One must also applaud Turner’s nuance of understanding the relationship of Buddhism as religion in the European sense, as well as not a religion in this same sense. Indeed, her study of Buddhism in colonial Burma highlights that there was an effort to deploy a premodern category that was similar to, and yet distinct from ‘western’ categorization. Certainly, Buddhism’s more technical existence as a philosophy that has religious trappings and signifiers is what makes Buddhist political thought an inexhaustible field to study.

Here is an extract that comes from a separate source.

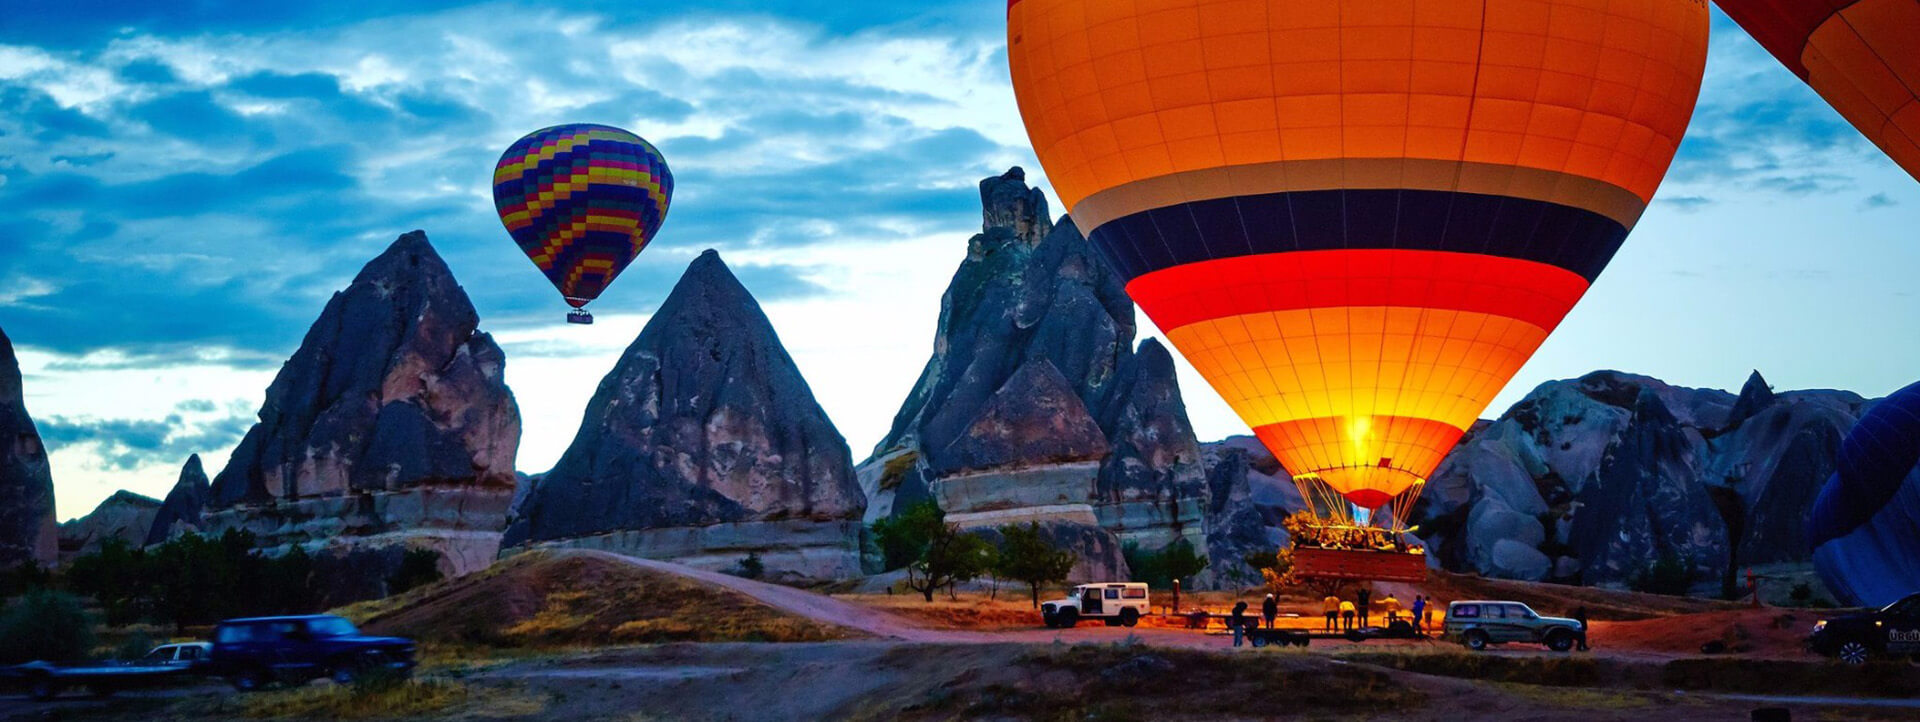 831_Hot_Air_Balloon_Cappadocia_resize

Saving Buddhism is valuable reading for students of Buddhist political thought, colonialism and, especially, those interested in the history of religious imaginings. Written with a great degree of accessibility, the book also allows itself a wider scope, and will be of appeal to those wishing to have a more informed understanding of the tensions between Muslims and Buddhists in Burma, as well as those generally interested in wishing to inquire into the intricacies of the Buddhist political world.